The original title was a bit misleading.





Bodycam footage shows the dramatic moment that a New York state trooper shot an 'erratic driver' and said 'you dumb*' (oh my God not that!) when the man backed up into a ramp and died. Trooper Anthony Nigro, a 14-year veteran, is now under investigation (Common practice with all OIS) after he chased down James Huber, 38, shortly after 11am on February 12, according to several videos released by the office of Attorney General Letitia James. One video shows Nigro approaching Huber after he got off Interstate 90 and started driving through downtown Buffalo. Nigro, who makes $168,182 a year, (The relevance of this being?) gets out of his car with his gun drawn (My God no! he pointed his weapon at "person of color" after chasing him and giving him a lawful order to exit the vehicle) and points it at Huber, who is still sitting in his vehicle in the middle of the street. 'Get the f** out! Get the f*.. .Get out! Get out!' (Again with the potty mouth...SHM) he yells. 'Go away,' (Doesn't the NYSP know this in the magic word / get out of jail free card) Huber responds. Nigro grabs Huber by his jacket and tries to drag him out. Nigro then fires his handgun into the driver's seat. Huber's car suddenly backs up and flips over the side of a ramp. 'You dumba,' Nigro says after calling for an ambulance. (Oh no, more foul language, take his Badge and pension) It's unclear whether he was referring to himself or the suspect. (I'm putting my money he was referring to the suspect, due to the fact the dead bad guy was trying to get away and it probably wouldn't have phased him if he had to drag the cop to his death) Huber was seen driving 'erratically' on the highway that morning, according to the Erie Times-News. Troopers tried to stop him as he allegedly flew by at 100 mi per hour. Attorney General James said the Office of Special Investigation was looking into the incident pursuant to state law, which requires a review any time a law enforcement officer is involved in the death of a civilian. The state attorney's office says the videos were released 'in order to increase transparency and strengthen public trust in these matters,' according to the Buffalo News. 'The release of this footage is not an expression of any opinion as to the guilt or innocence of any party in a criminal matter or any opinion as to how or whether any individual may be charged with a crime,' the office said.


----------



## Hush (Feb 1, 2009)

Maybe the "you dumbass" comment was directed at himself, for being such a dumbass and sticking his gun and entire arm in the passenger compartment.


----------



## WMA7787 (May 4, 2014)

Yea…. Not good for the trooper


----------



## RodneyFarva (Jan 18, 2007)

On face value of the video alone it looks really bad for the Trooper, I agree, that being said I want to know everything that lead up the shoot. In the article there was a brief mention of a chase and erratic operation. What if the Trooper saw something in the vehicle while trying to yank him out. 
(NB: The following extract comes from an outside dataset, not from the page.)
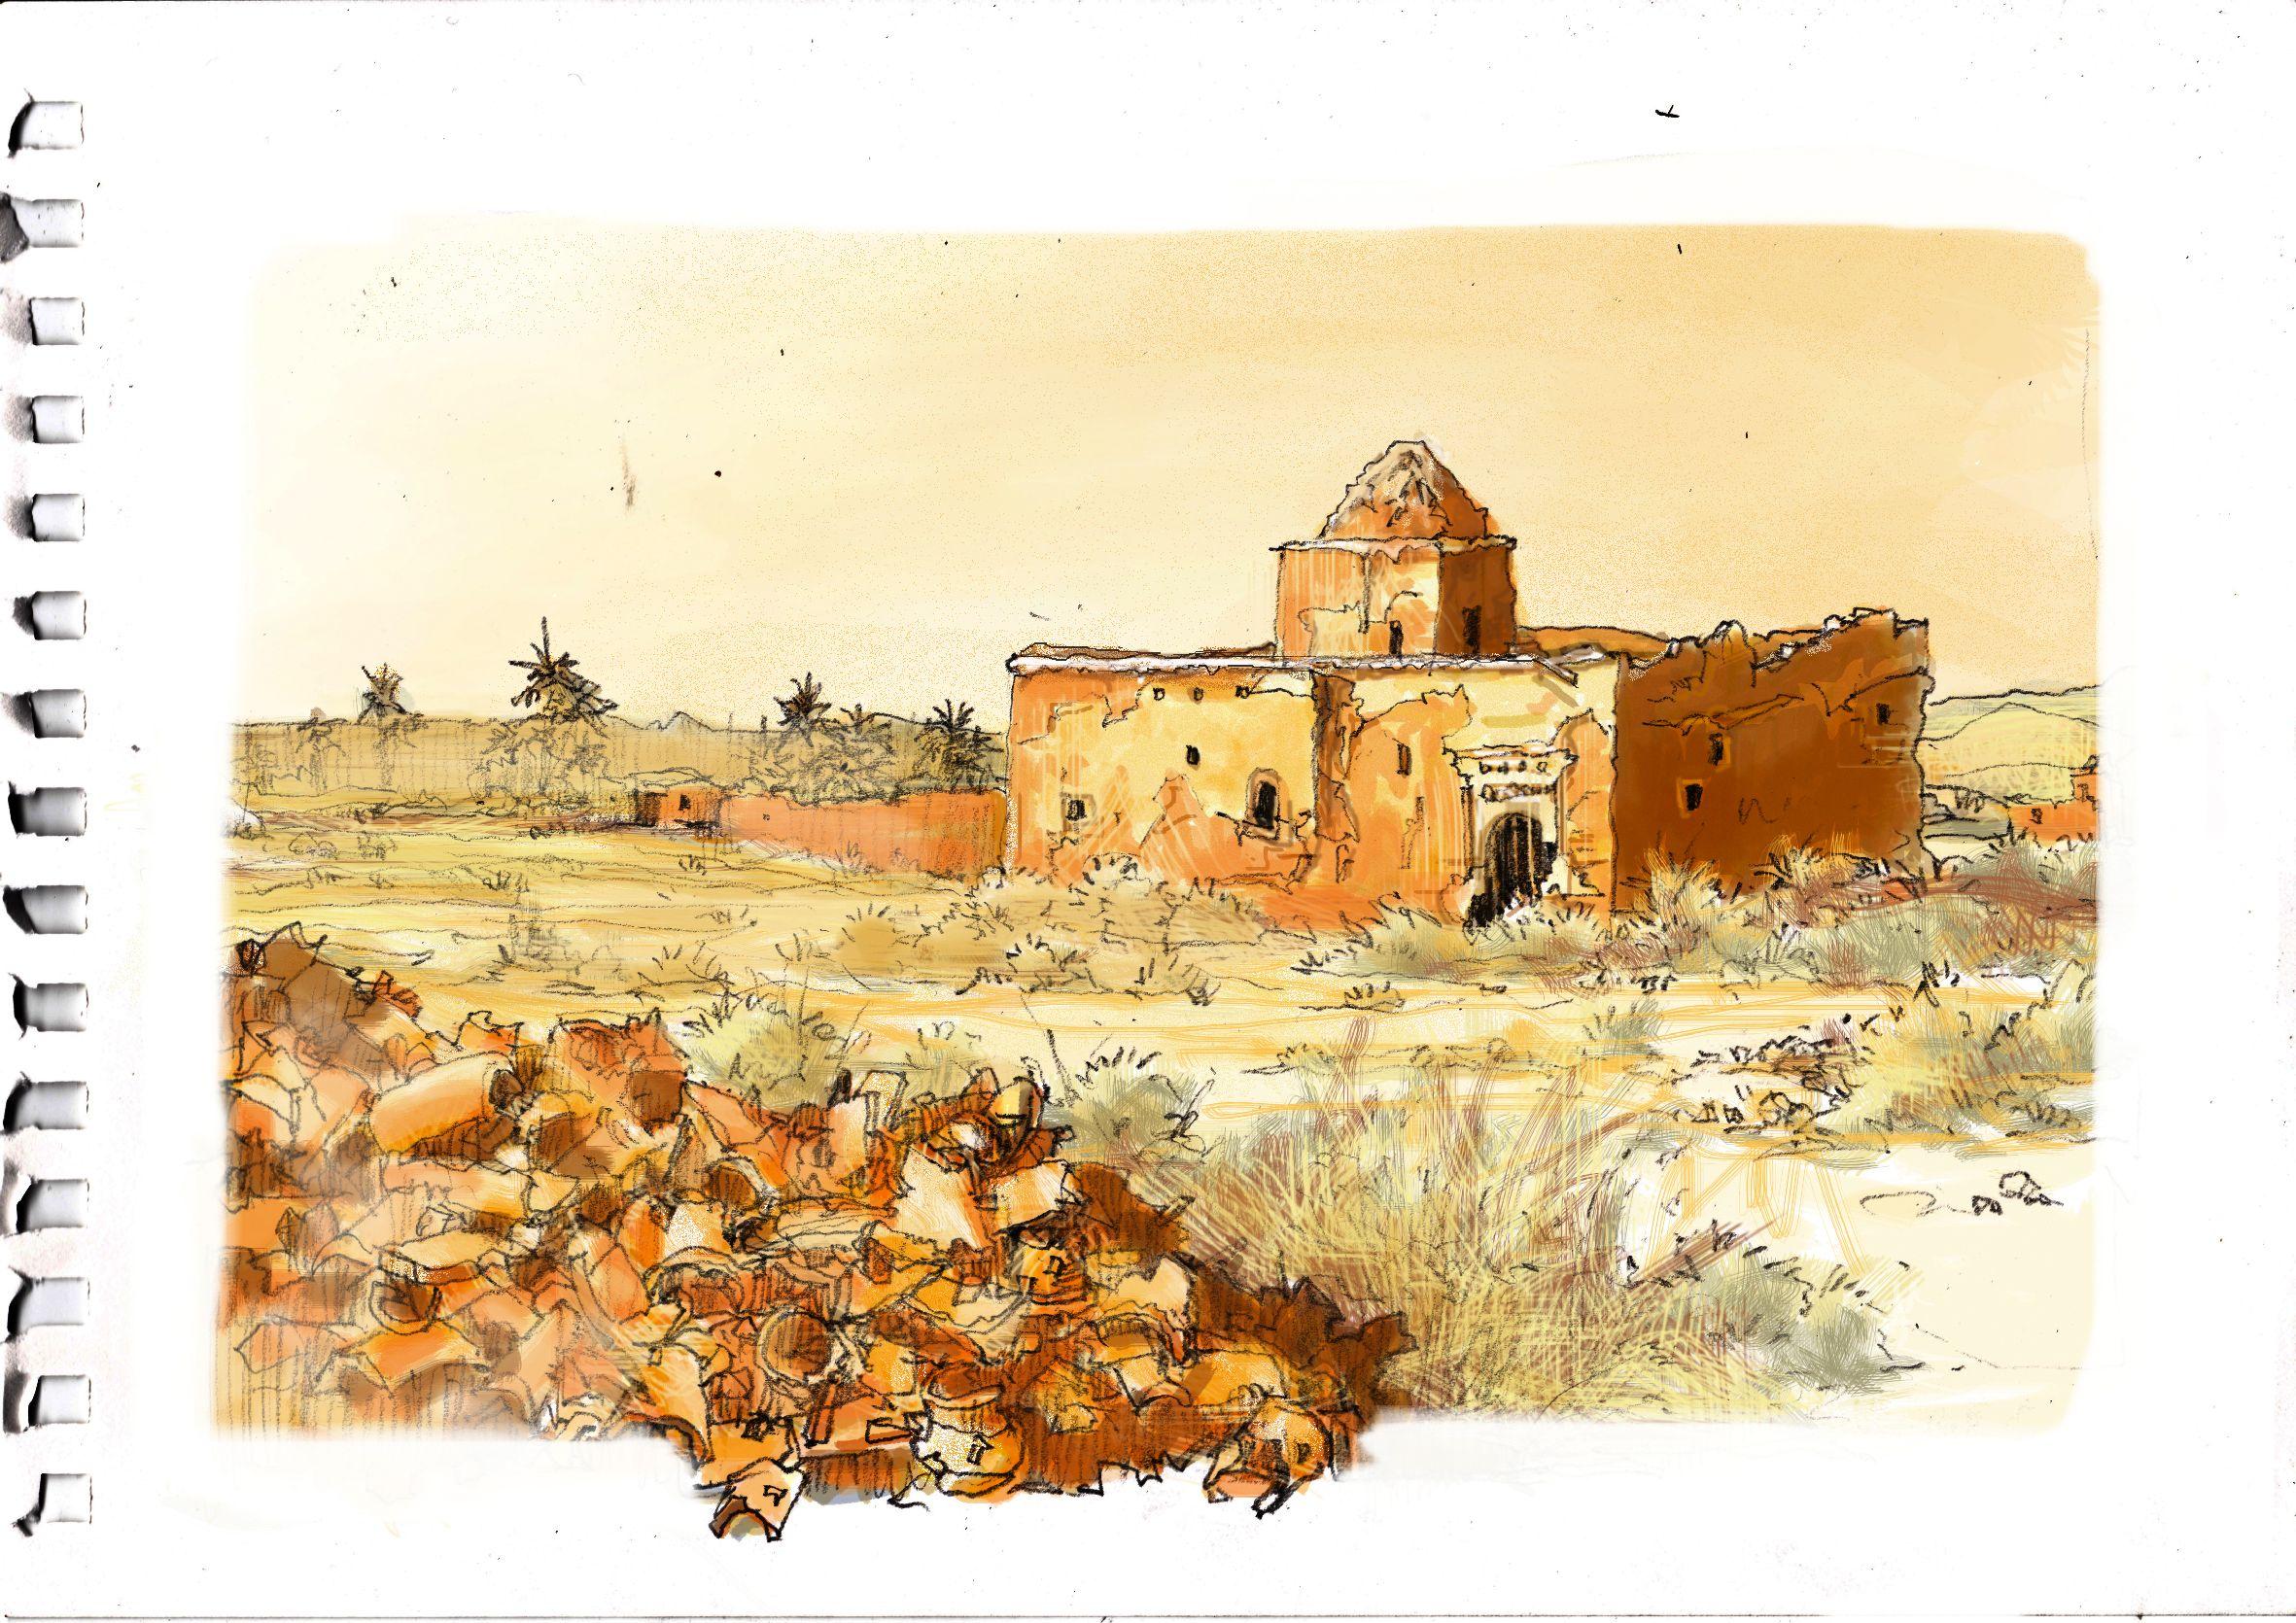 Lami G Rard Tinejdad (Maroc) Zaou A Abandonn E Et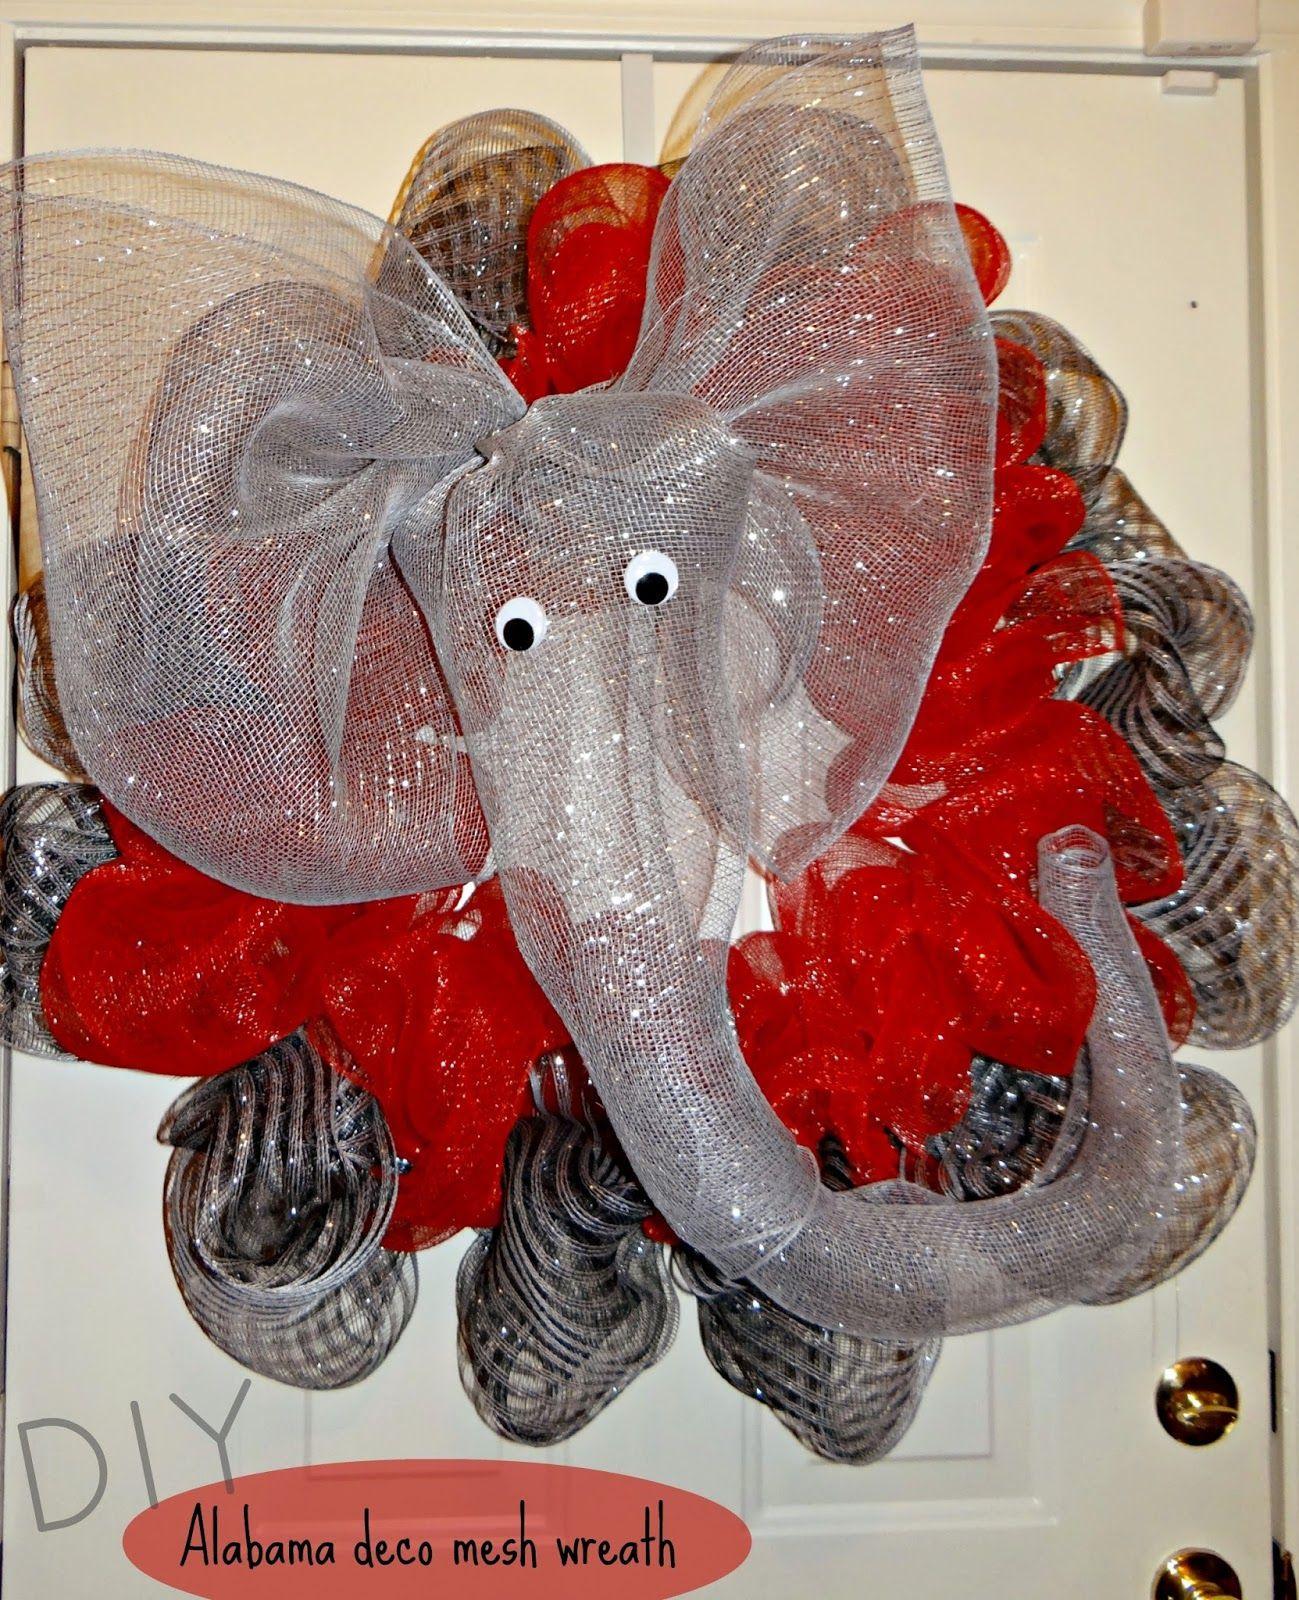 Best ideas about Mesh Wreaths DIY . Save or Pin DIY Alabama deco mesh wreath Kelseycrumpton Now.

Perhaps this guy just killed or severely assaulted someone in a other jurisdiction and was know to be violent felon. The Trooper may have thought he was going to be dragged to death or believed the suspect was going to use his vehicle as a weapon and kill the Trooper. 

Perhaps they had knowledge he was planning to be the next Tim McVeigh or Adam Lanza, we simply don't know. If life and experience has taught us anything about police work it is our job is anything but routine and sometimes it can be brutal, bloody and looks absolutely horrific. 

This is why everyone should know Graham vs. Connor inside and out. This Trooper felt he had to make a split second decision under extremely stressful conditions, and we don't know what that was yet. Reaching into the car with gun drawn grabbing the suspects coat to pull him out is stupid and dangerous, but at the time the Trooper may have felt it was the best way to apprehend the suspect and mitigate any further collateral damage, when that failed as we saw, now it was time to press.. press.. and end it. Game Over.

We are lucky enough to be afforded with 20/20 hindsight knowing the true outcome of the incident after the fact. 

For example take a second and think about the 2012 Aurora, Colorado theater shooting. Lets say hypothetically the theater hired a detail for security and in walks James Holms dressed in all black tactical gear, yeah sure you could do a Terry stop and frisk him, but as far as you can see he is just another freak show going in to watch the new Batman movie. Now lets hit replay and say as Holms enters the lobby the cop puts two in his chest and one in the head because he saw the butt of a gun on his hip, well, that cop better like Raman and honey buns. Its not illegal to play dress up in BDU's and its also not illegal to carry a firearm. Now on the other side of the coin say after the cop shot him in the lobby and post shoot they find out Holms had a plan for mass murder, the officer would have been hailed as a hero.


----------



## LA Copper (Feb 11, 2005)

The whole point is the trooper never should have approached the driver's window like that in the first place. That was ridiculous. And then sticking his arms inside the car and grabbing the suspect with a gun in his hand was nuts. Bad things happen when you do dumb things. This is a great example of that.

We have to stop letting our adrenaline get the best of us. The trooper was "pissed off" and let his emotions dictate what he did. That's almost never a good or safe thing.


----------